The problem - Restate the data below word for word. Skip any images it contains.

Items from a data source -

----------------------------------------

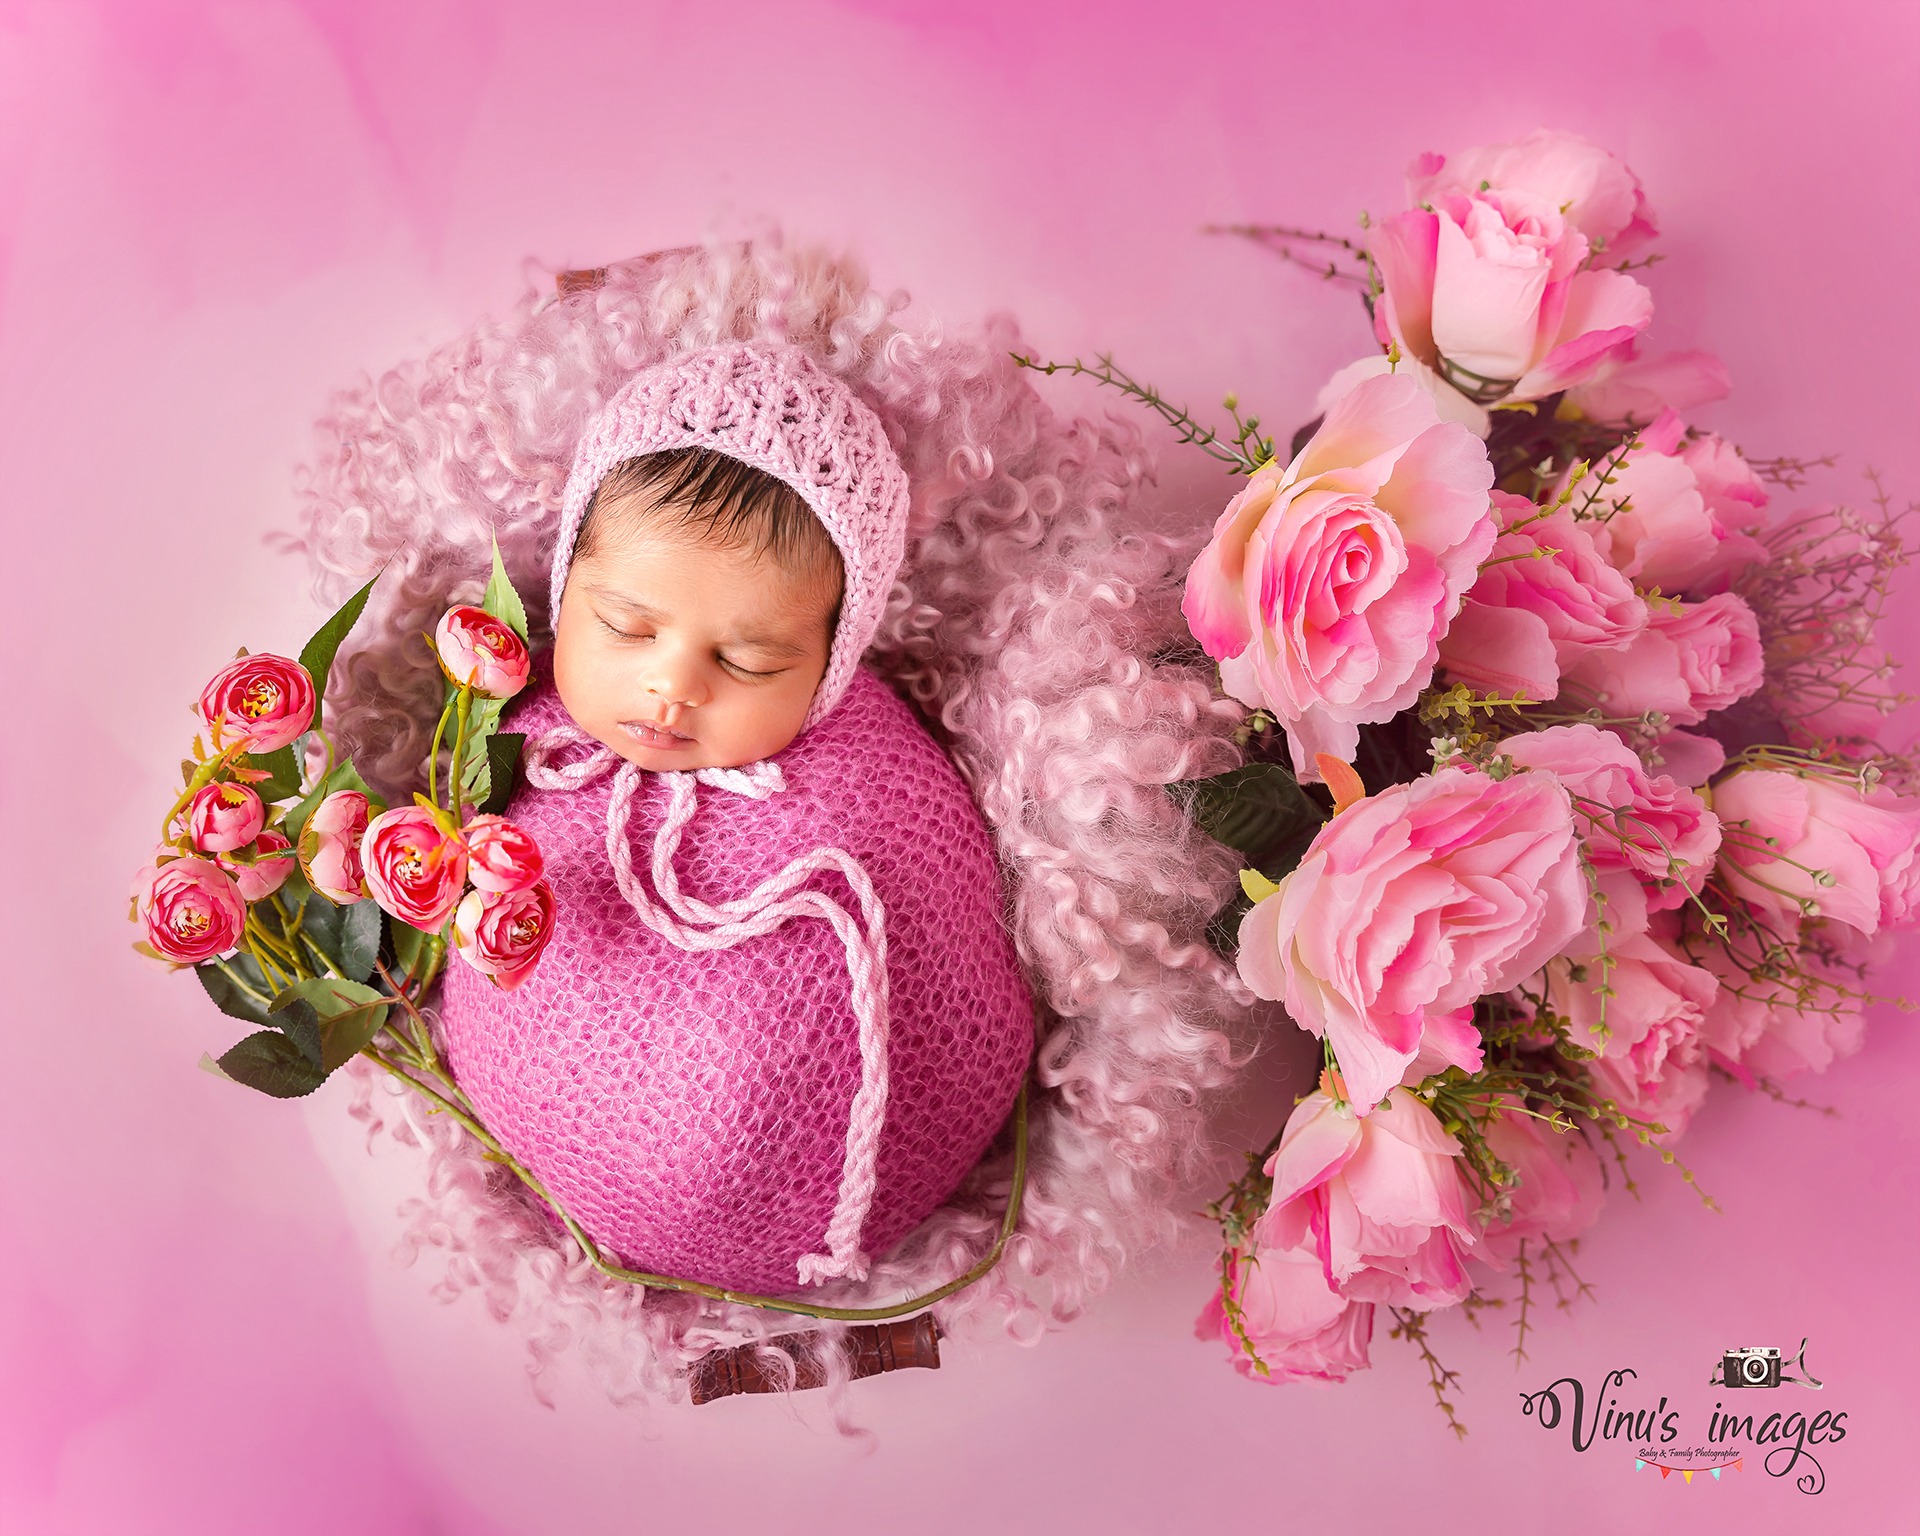 Wool and Floral theme for baby girl photoshoot in Delhi, Noida by Vinus Images
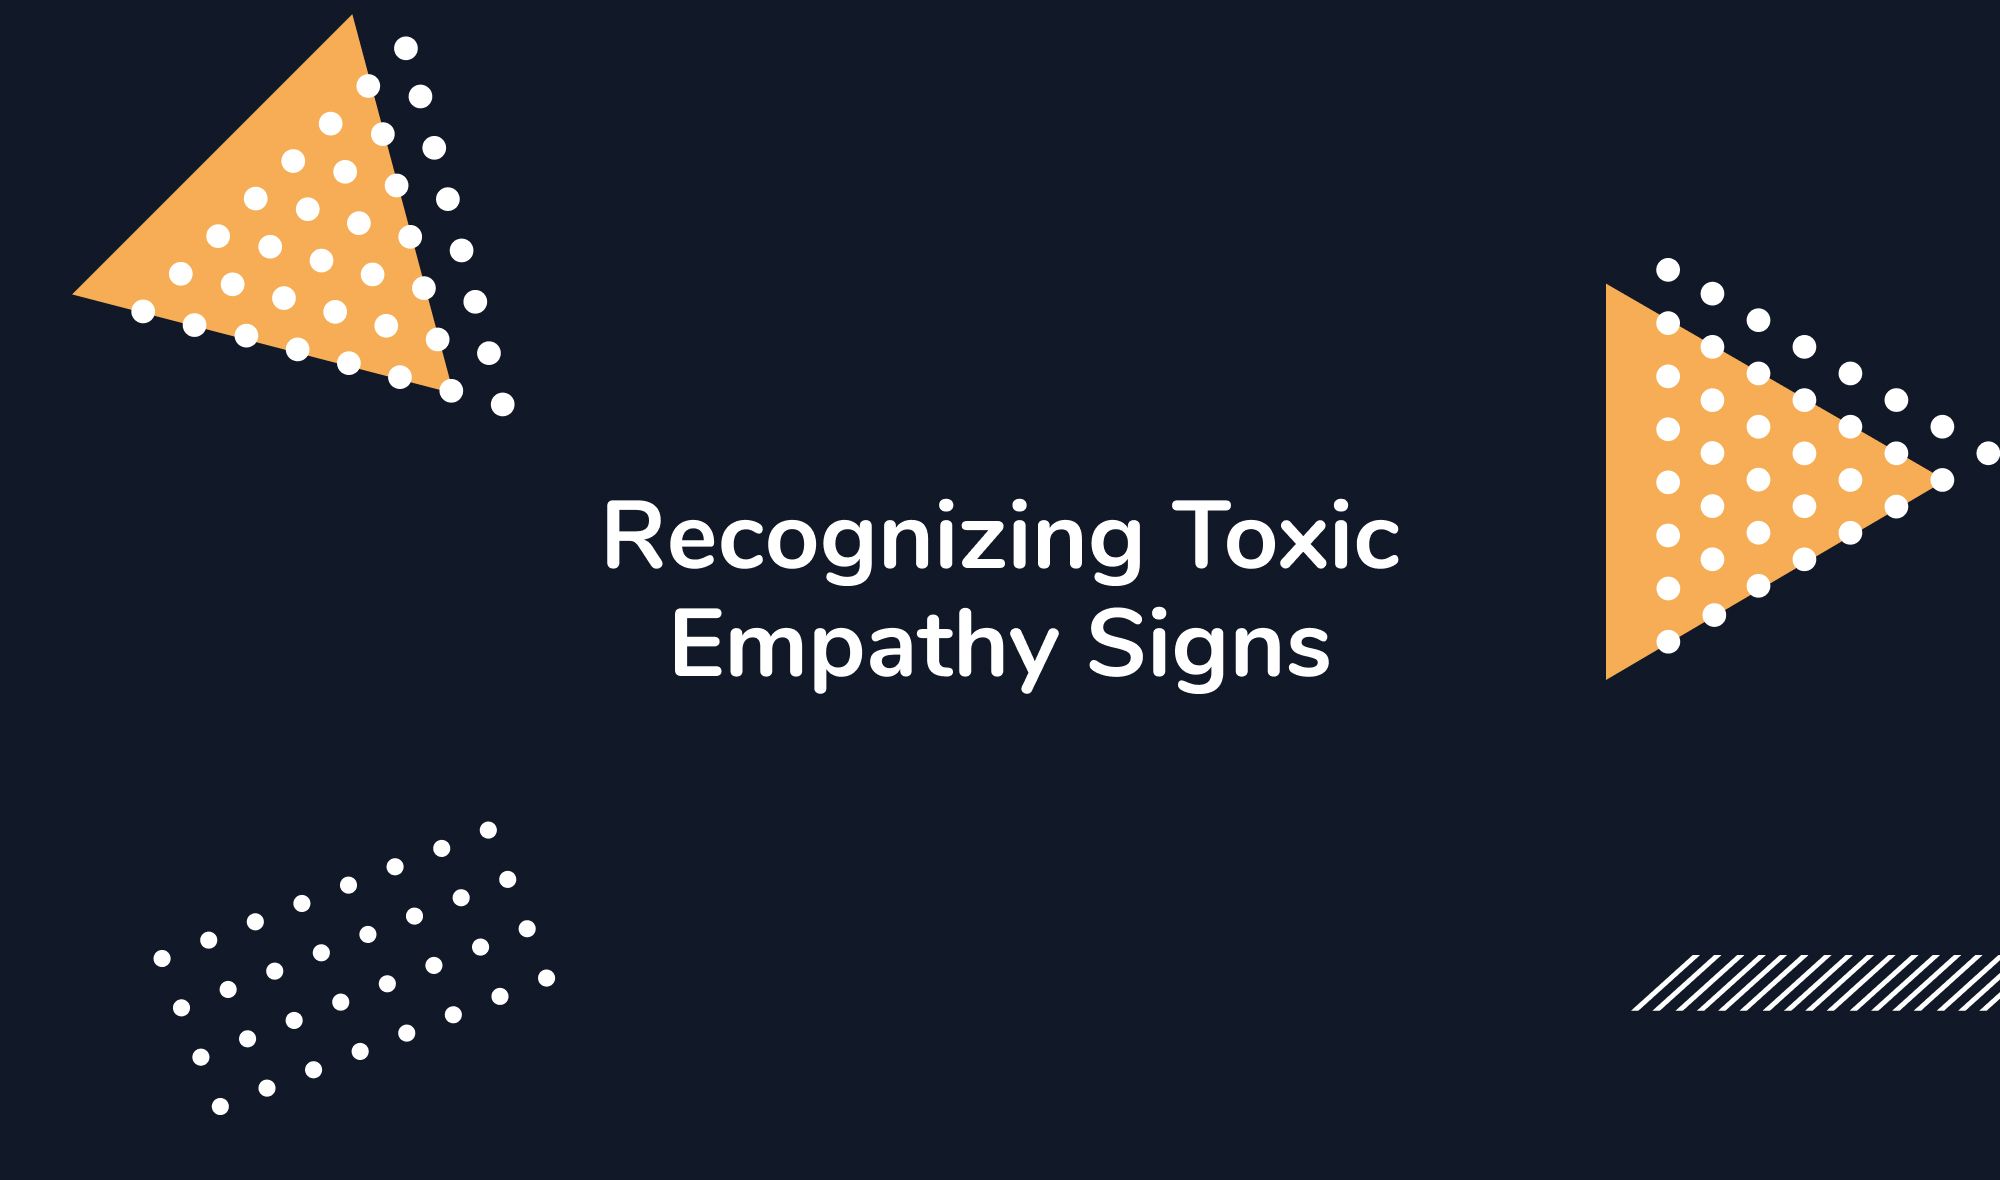 Recognizing Toxic Empathy Signs
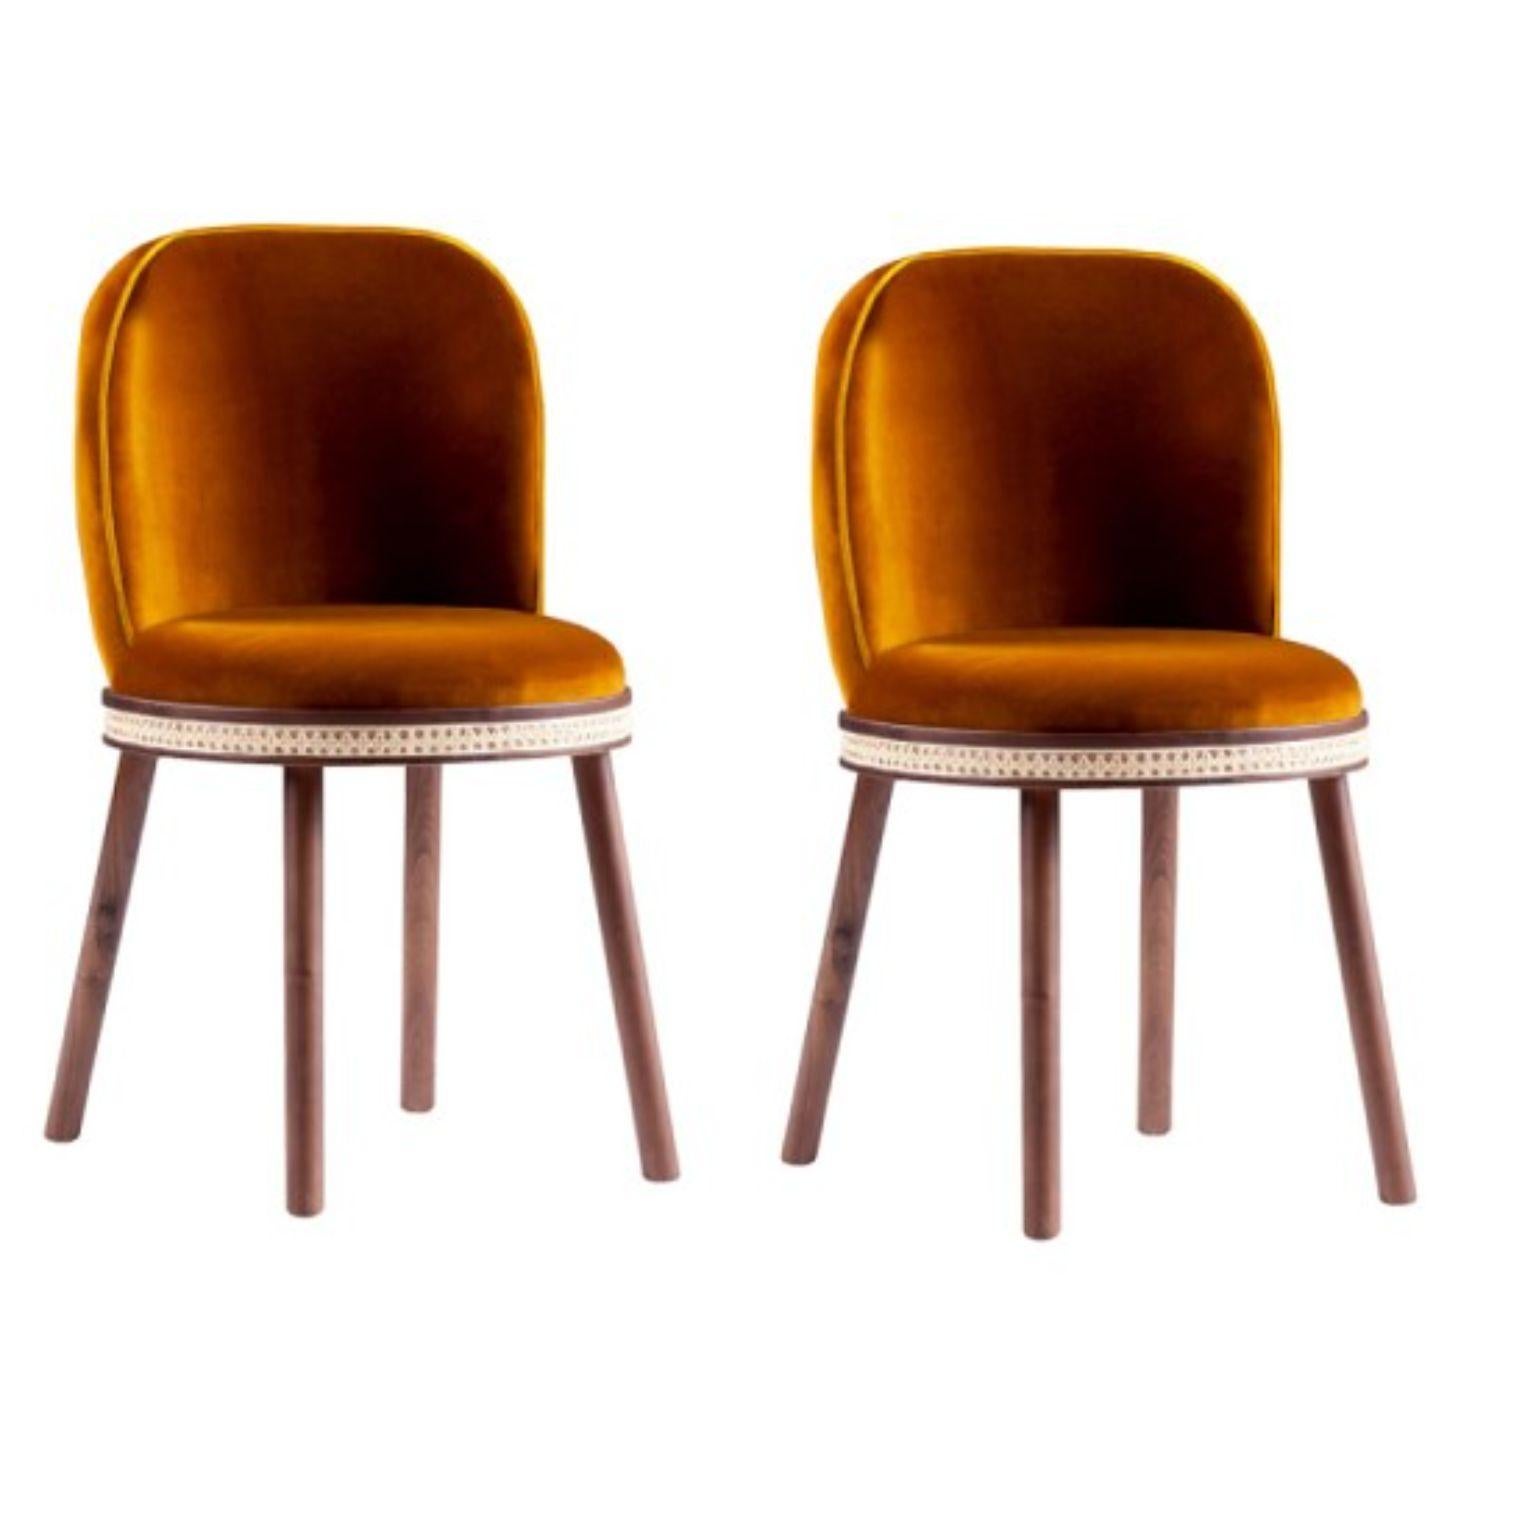 Set of 2 alma chairs by Dooq
Measures: W 51 cm 20”
D 53 cm 21”
H 86 cm 34”
seat height: 49 cm 19”

Materials: upholstery fabric or leather; structure solid wood feet lacquered MDF or solid wood rattan natural rattan. COM with natural walnut or
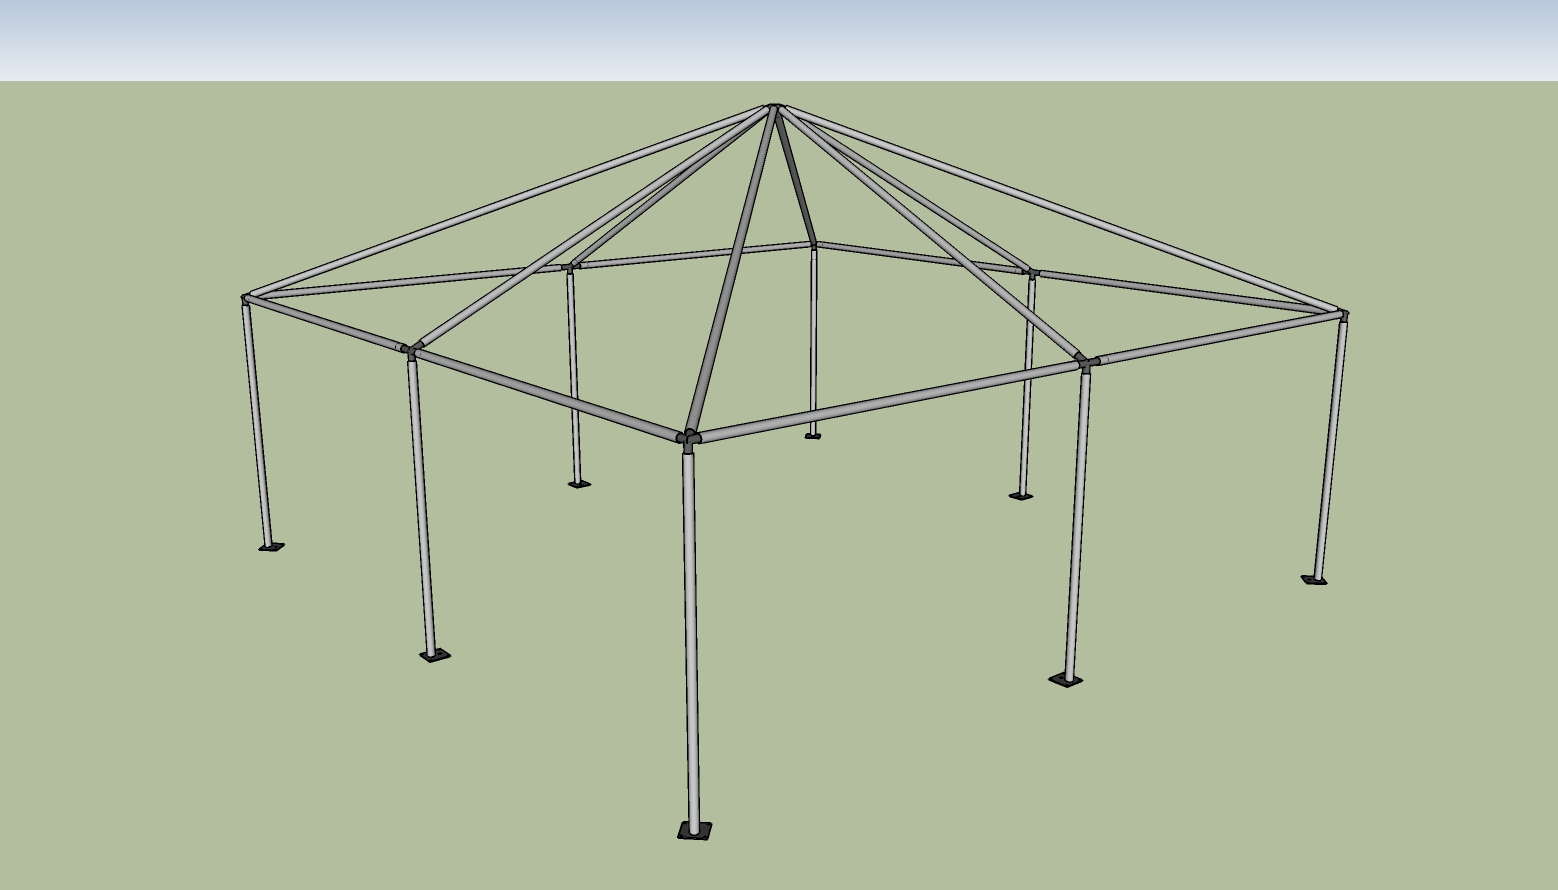 20x20 frame tent End View

----------------------------------------

Solution to this problem -
 Wool and Floral theme for baby girl photoshoot in Delhi, Noida by Vinus Images
 Recognizing Toxic Empathy Signs
 Set of 2 alma chairs by Dooq
Measures: W 51 cm 20”
D 53 cm 21”
H 86 cm 34”
seat height: 49 cm 19”

Materials: upholstery fabric or leather; structure solid wood feet lacquered MDF or solid wood rattan natural rattan. COM with natural walnut or
 20x20 frame tent End View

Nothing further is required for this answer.